Material provided
____________________

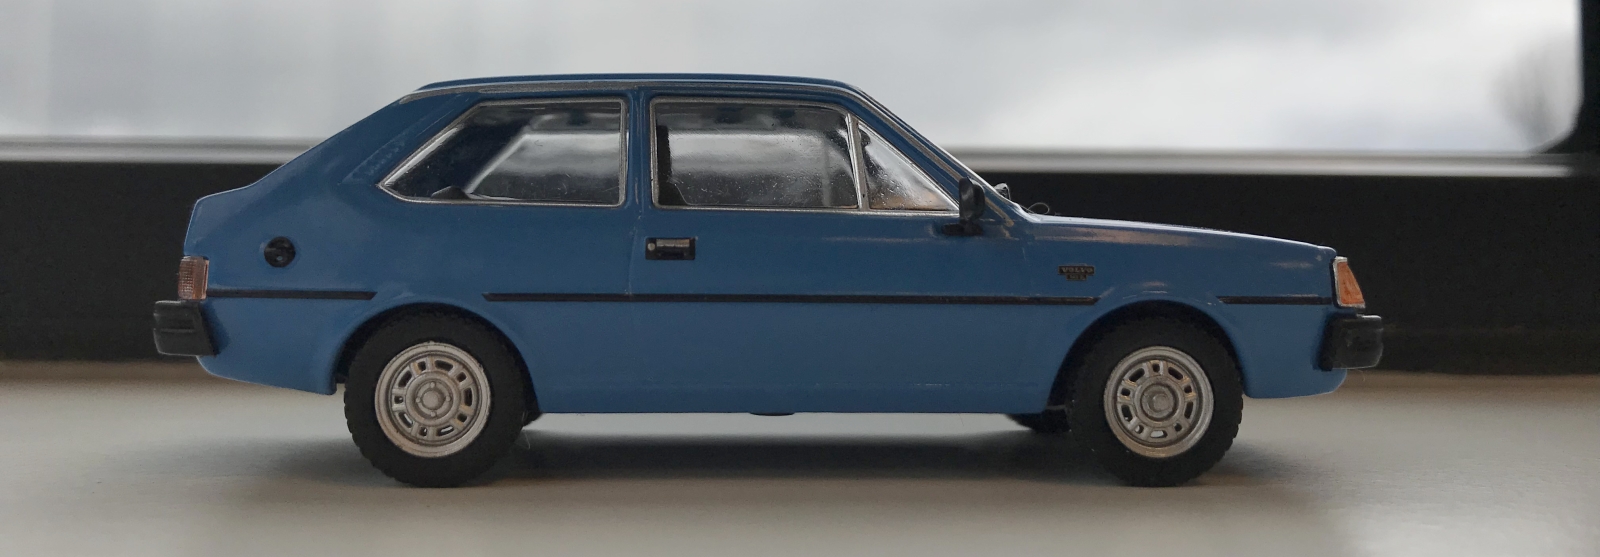 Volvo 343 - AutoRAI in Miniatuur
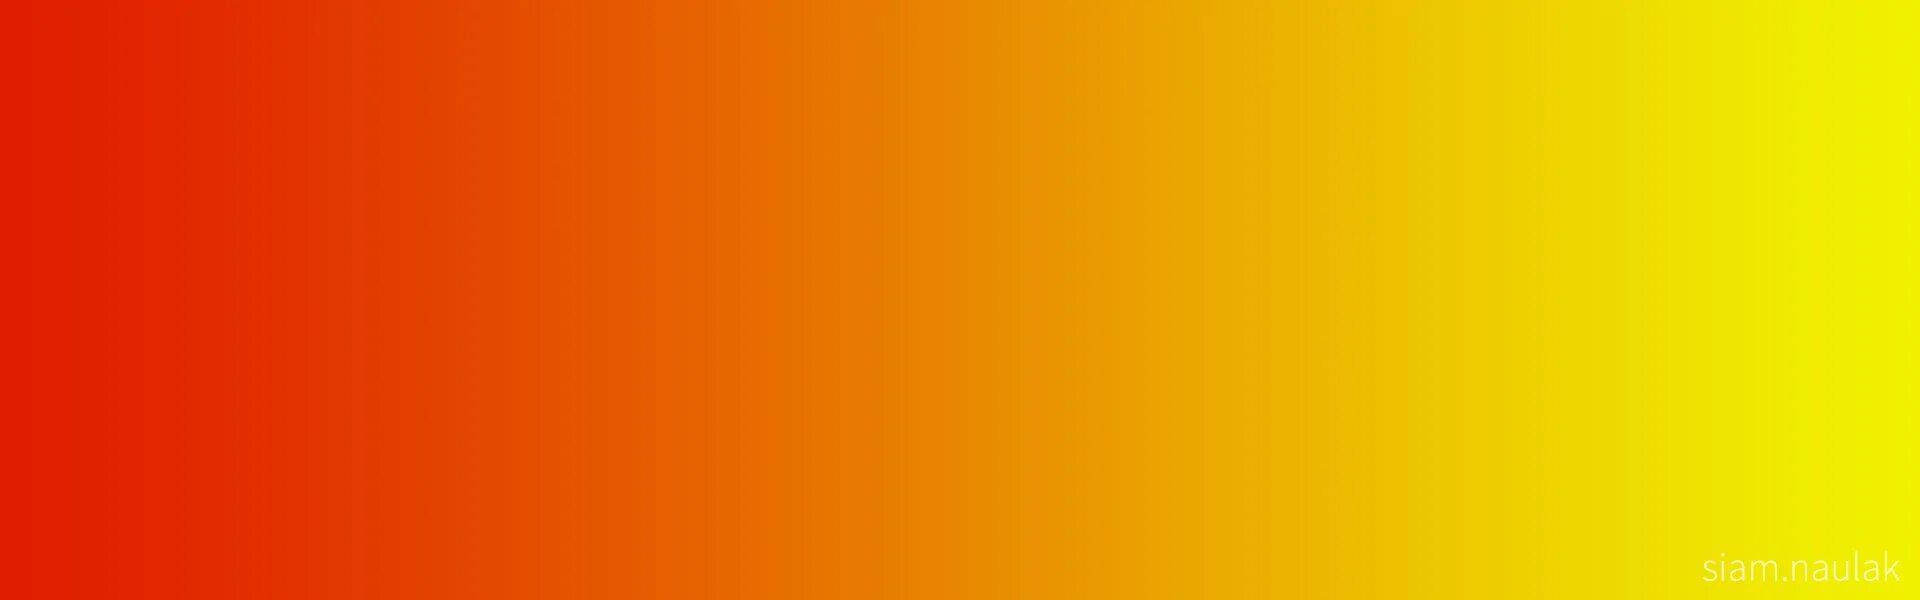 Оранжевый 1 1 20 август 2021. Красно-оранжевый цвет. Желто красный цвет. Желто-оранжевый цвет. Оранжевый градиент.
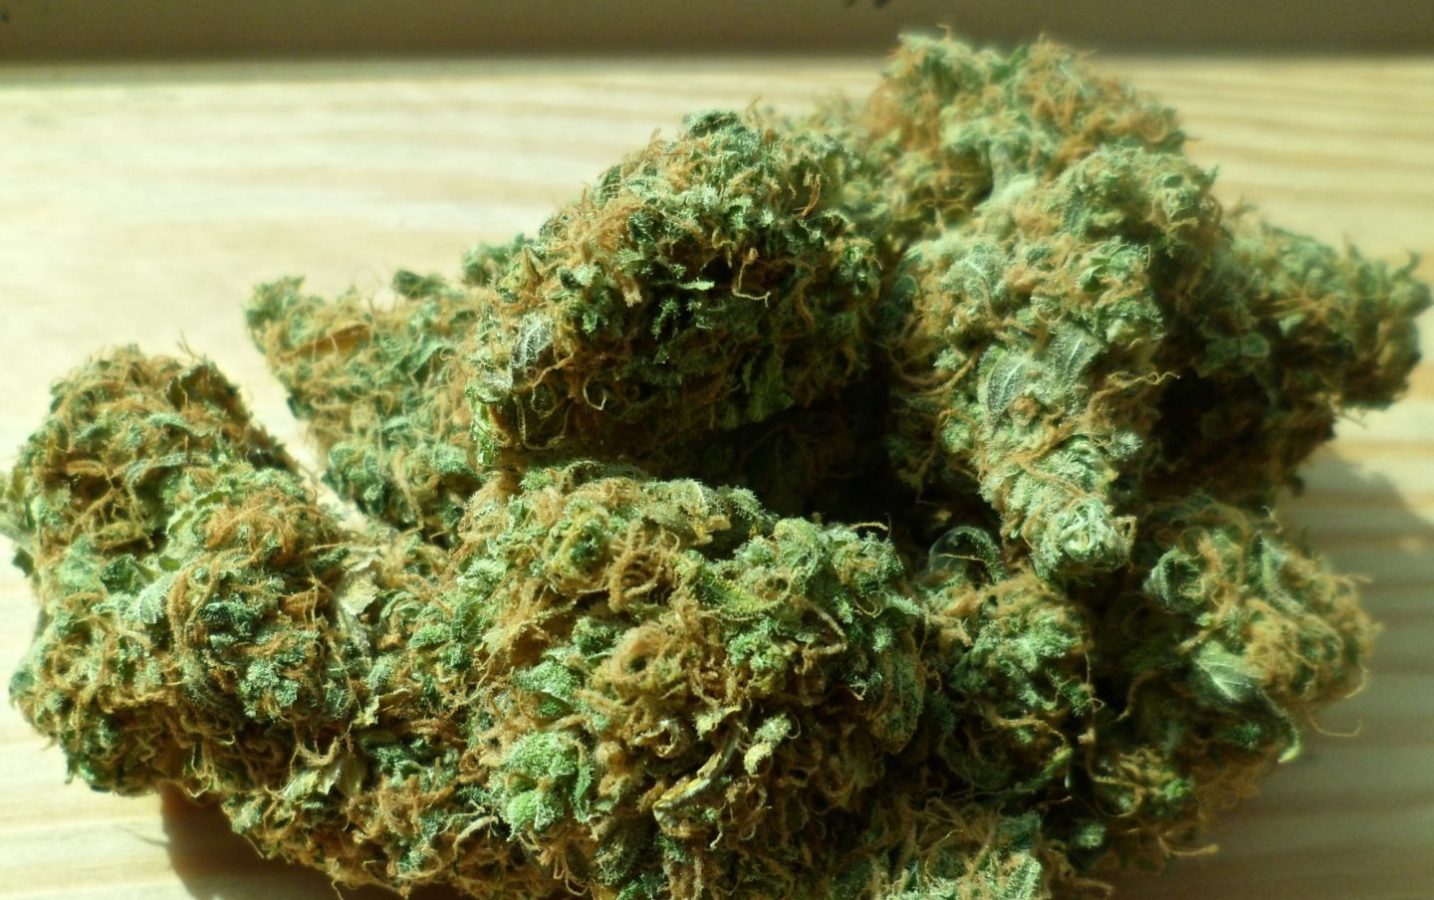 Cannabis stash

____________________

Problem statement
Write out the whole listing exactly as it appears, and omit the pictures.

Solution to the exercise
 Volvo 343 - AutoRAI in Miniatuur
 Оранжевый 1 1 20 август 2021. Красно-оранжевый цвет. Желто красный цвет. Желто-оранжевый цвет. Оранжевый градиент.
 Cannabis stash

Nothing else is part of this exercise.